Resumo:
Satellite-based precipitation products can be an important alternative for developing
IDF equations in ungauged regions, in search for more flood-resilient hydraulic
systems. This study evaluated precipitation estimates from the product CHIRPS for
developing IDF equations in the Southern Bahia Mesoregion. The statistical metrics
used were Percent Bias (PBIAS), Root Mean Square Error (RMSE), Mean Absolute
Error (MAE), and the Nash-Sutcliffe Efficiency coefficient (NSE). The results indicate
that CHIRPS does not perform satisfactorily in its original state (PBIAS 21.54%; RMSE
43.56 mm/h; MAE 42.74 mm/h; NSE -2.78), but it can provide reasonable IDF
equations if the data bias is corrected (PBIAS -4.75%; RMSE 10.09 mm/h; MAE 9.03
mm/h; NSE 0.78). Based on a linear regression model, a bias correction method was
proposed, which can be applied, with some limitations, in ungauged areas of the
studied region, using only geographic coordinates (PBIAS -3.77%; RMSE 15.46 mm/h;
MAE 14.41 mm/h; NSE 0.45).

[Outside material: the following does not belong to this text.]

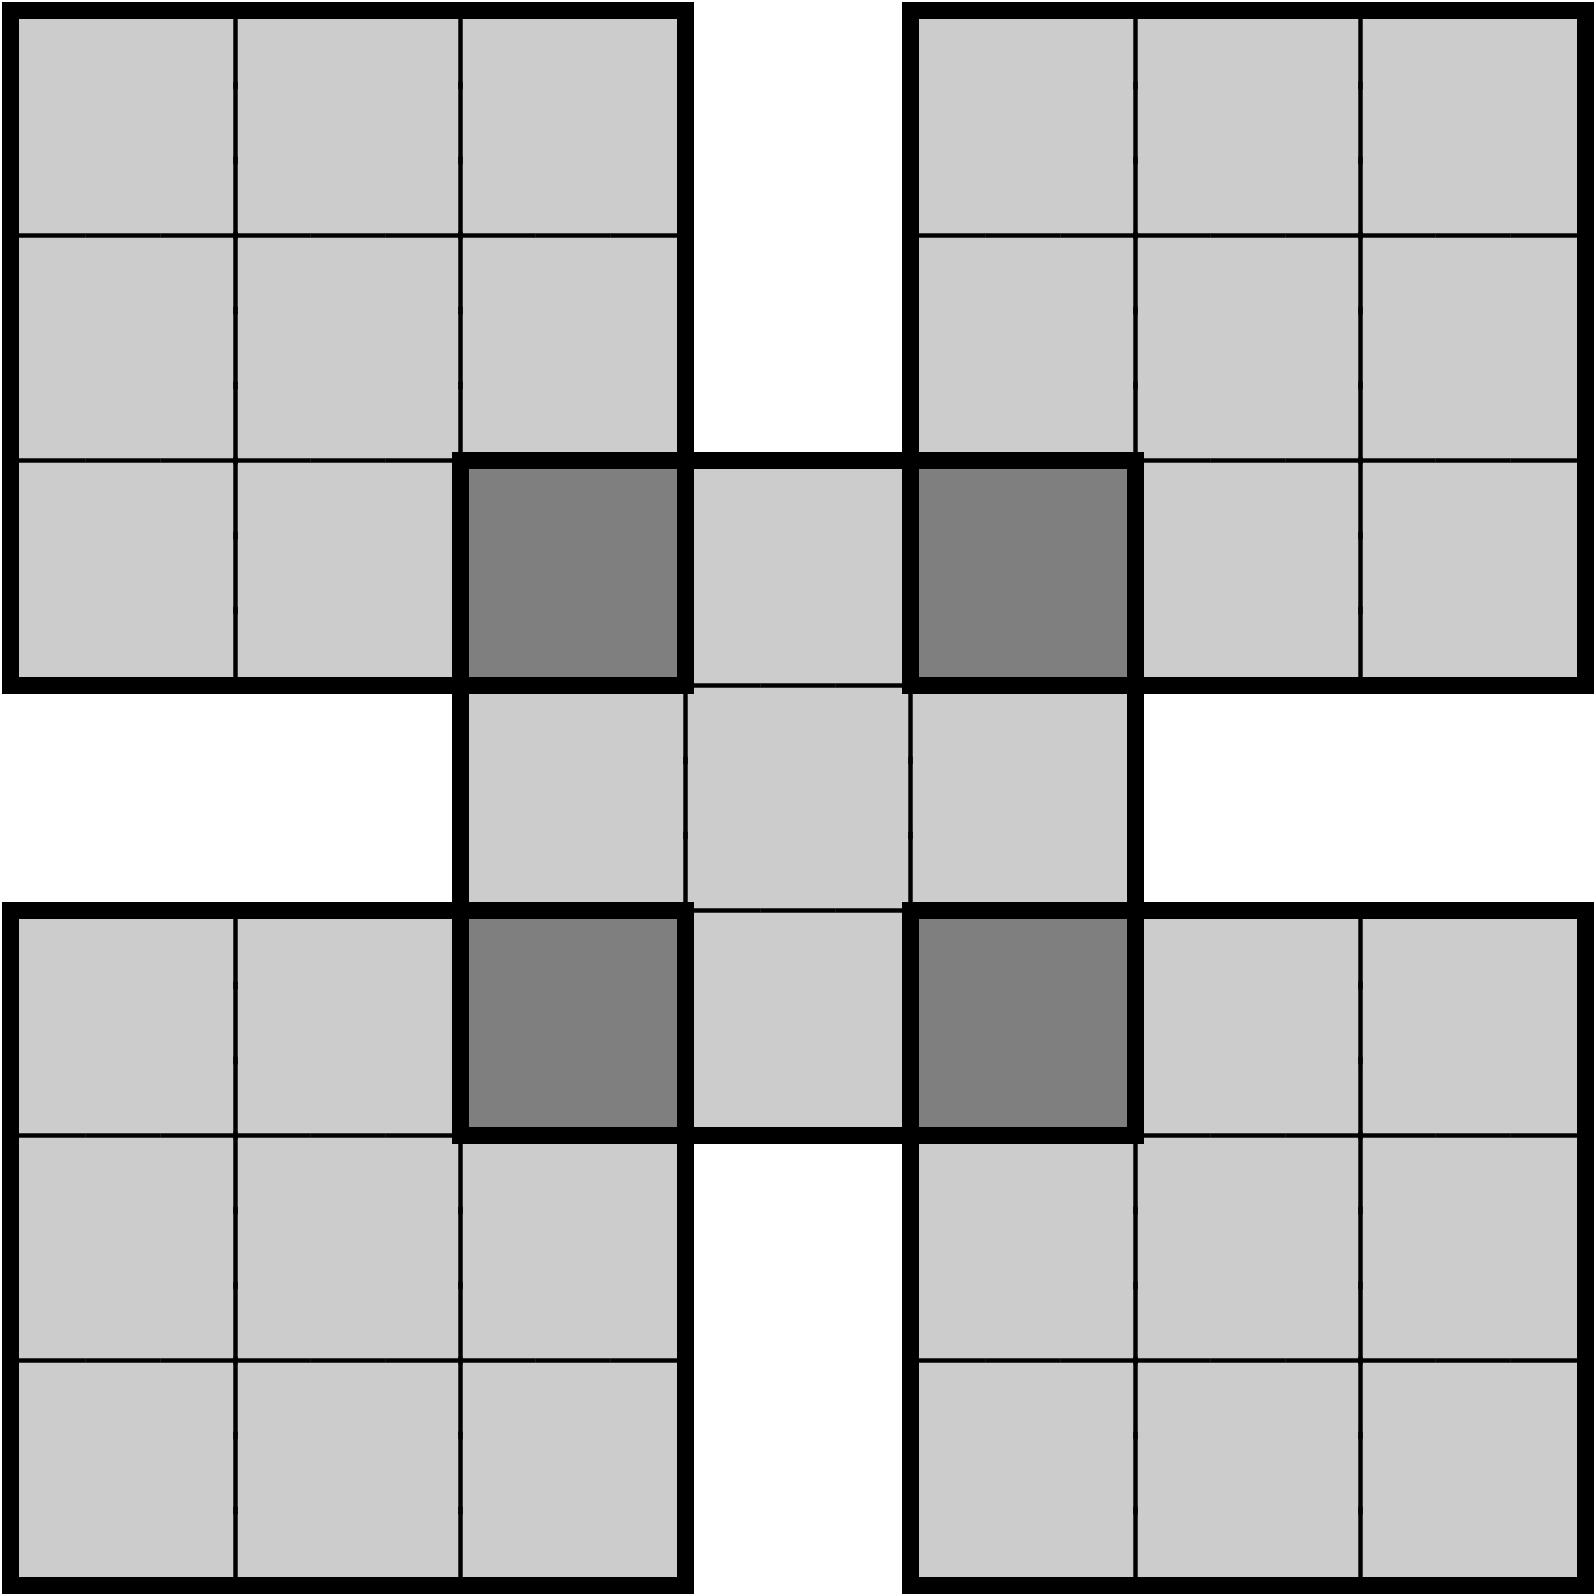 The Daily Sudoku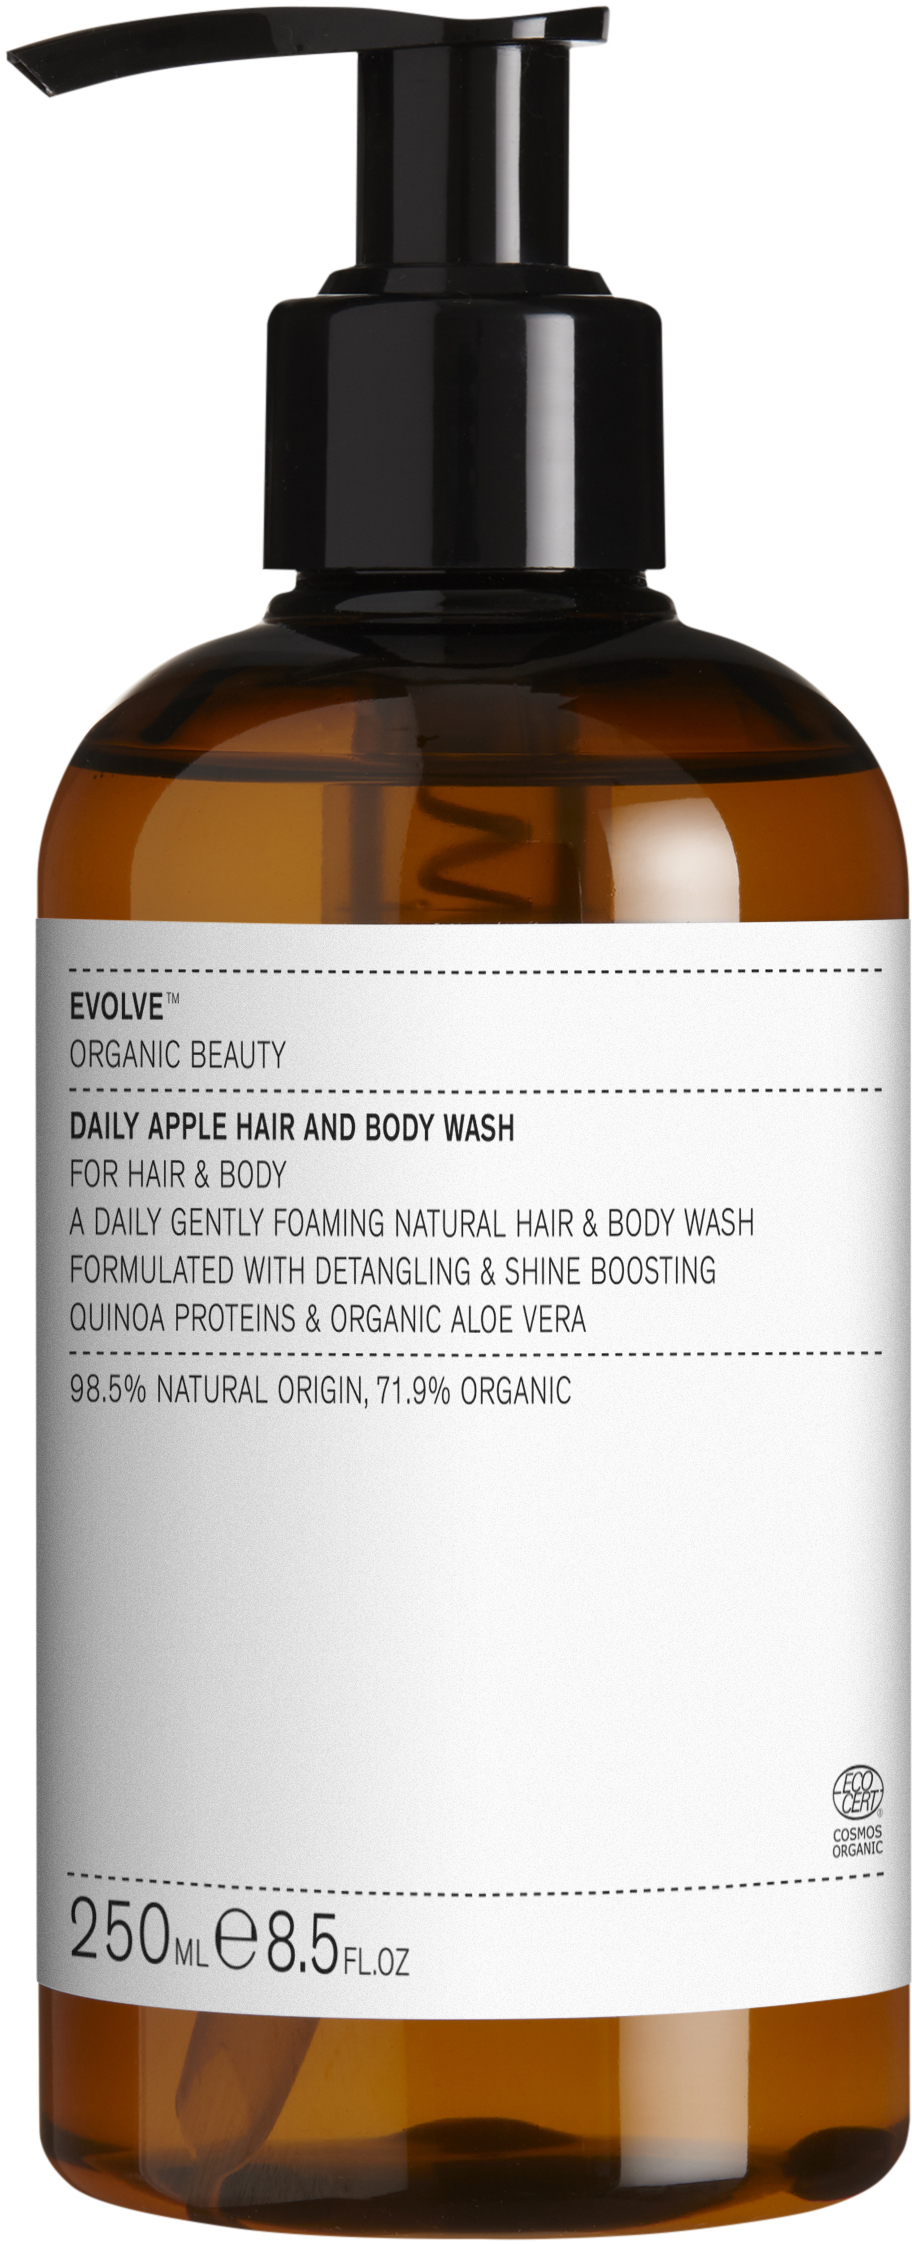 Evolve Daily Apple Hair & Body Wash, 250 ml

Using CHIRPS data corrected by the proposed method
showed higher performance when compared to IDF curves provided by the Plúvio 2.1
software (PBIAS 13.56%; RMSE 28.25 mm/h; MAE 26.84 mm/h; NSE -0.55), which is
commonly used by engineers/designers. Finally, non-stationary models for frequency
analysis proved to be more appropriate when a trend condition in the series is
identified. Furthermore, based on the AIC, BIC criteria, and the likelihood ratio test,
models with fewer parameters were preferred over more complex models, with the
Gumbel distribution outperforming the GEV distribution.